Additionally, values of the force carried by the concrete (P_concrete), calculated as the difference between the ultimate load (P_max) and the load carried by the bars (P_bar), are shown in Table 6 for all the concentric columns.

5. Conclusions

The compressive strengths of small and large sizes of GFRP and BFRP bars were examined experimentally under static loads. The experimental results were then utilized as material input to develop nonlinear finite element (FE) models to simulate the axial behavior of concrete columns reinforced with these types of FRP bars. The FE model was initially validated with experimental results on FRP-RC columns and then used to conduct an extended parametric analysis to investigate the overall response of the FRP-RC columns. The parametric analysis included different column geometries and cross-sections, different reinforcement ratios, different ties materials, different concrete strengths, and different loading eccentricities.

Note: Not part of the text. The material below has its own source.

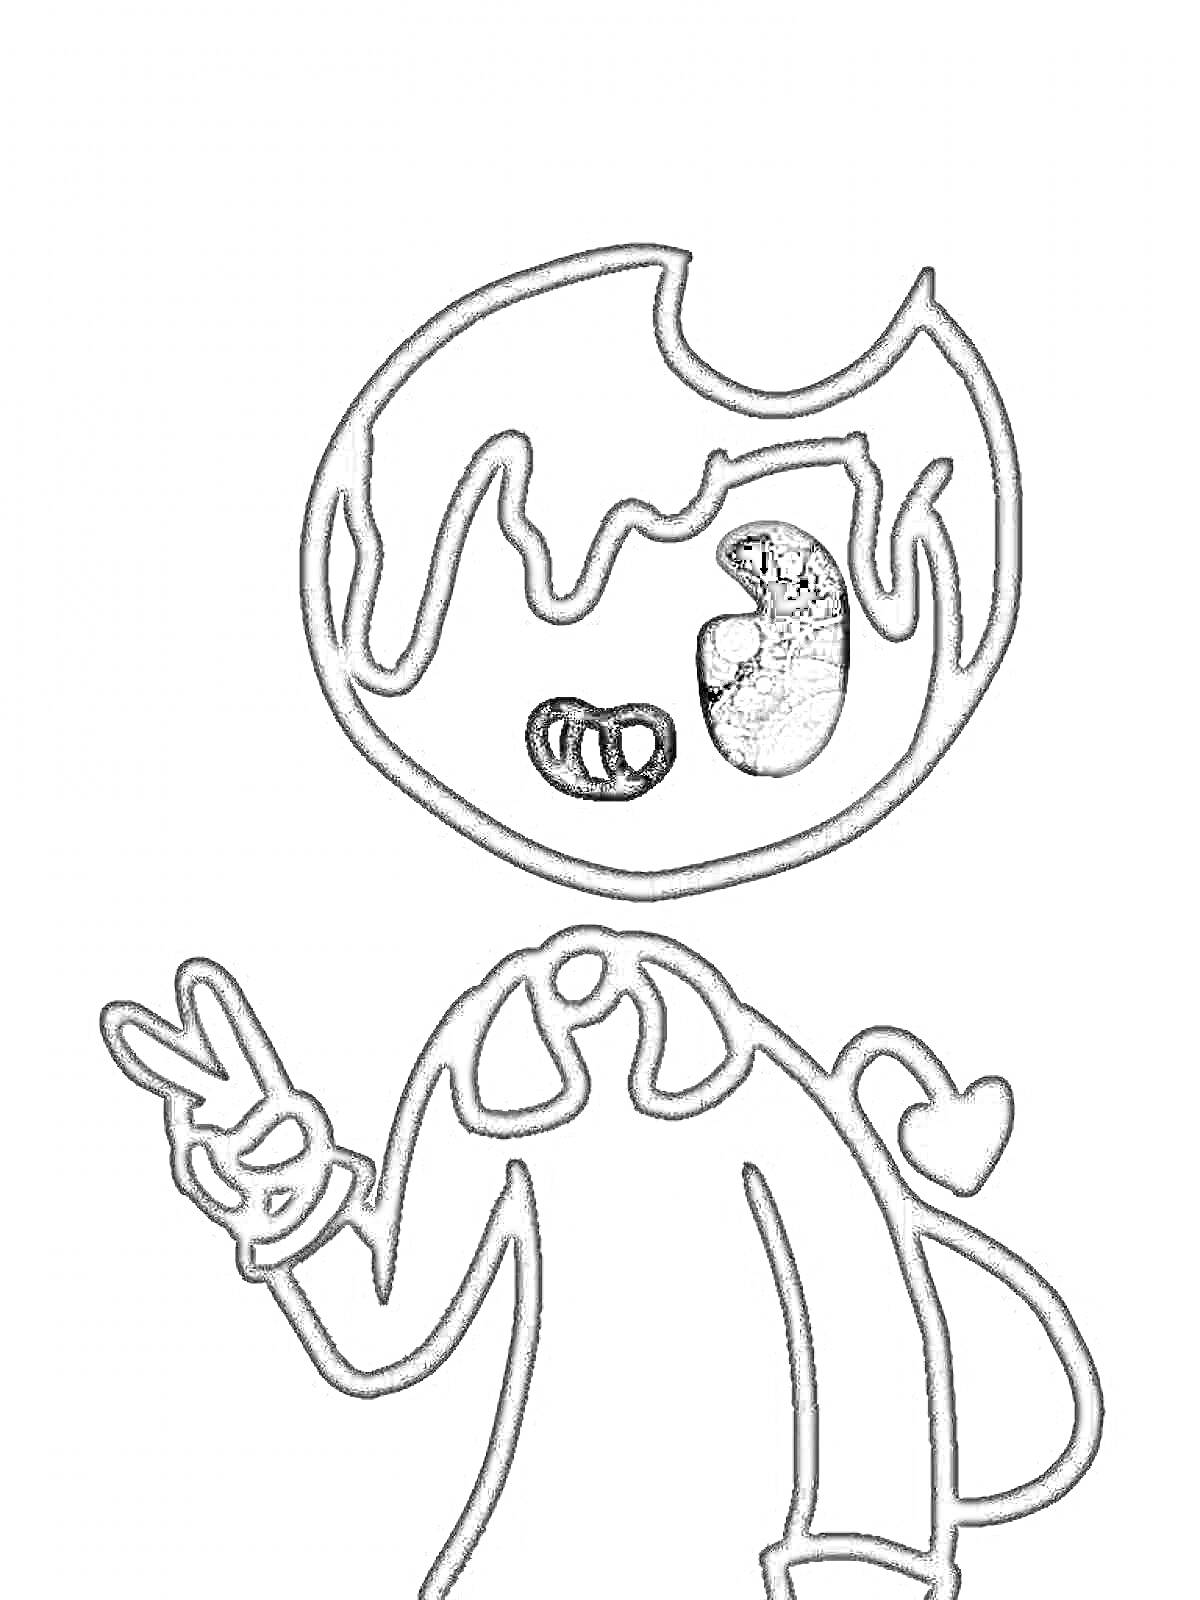  Раскраска с изображением персонажа Bendy, показывающего знак мира, с сердцем на спине

The main conclusions of this study are summarized below:

• The compressive strengths of both the GFRP and BFRP bars were much lower than their tensile strength values. Small size bars reported lower compressive strengths than large sizes.
• There were insignificant differences between columns reinforced with BFRP bars and columns reinforced with GFRP bars in terms of overall maximum load, displacement, and bar strength contributions.

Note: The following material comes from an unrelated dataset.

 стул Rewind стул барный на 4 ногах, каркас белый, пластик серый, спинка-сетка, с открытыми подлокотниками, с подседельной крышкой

• The contribution of GFRP and BFRP bars to the ultimate capacities of FRP-RC columns increases with the reinforcement ratio and was found to be around 5% for the lowest reinforcement ratio and up to 24% for higher reinforcement ratios.
• Increasing the longitudinal reinforcement ratio for the BFRP and GFRP columns did not significantly affect the ultimate capacities of the columns for concentric columns, but the increase was noticeable for eccentric-loaded columns.
• The ductility of columns reinforced with the BFRP or GFRP bars decreased when the reinforcement ratio increased. The ductility was higher when the circular cross sections were used.
• Using steel ties for confinement of RC columns resulted in higher capacities, higher concrete core confinements, and higher ductility than using BFRP and GFRP ties.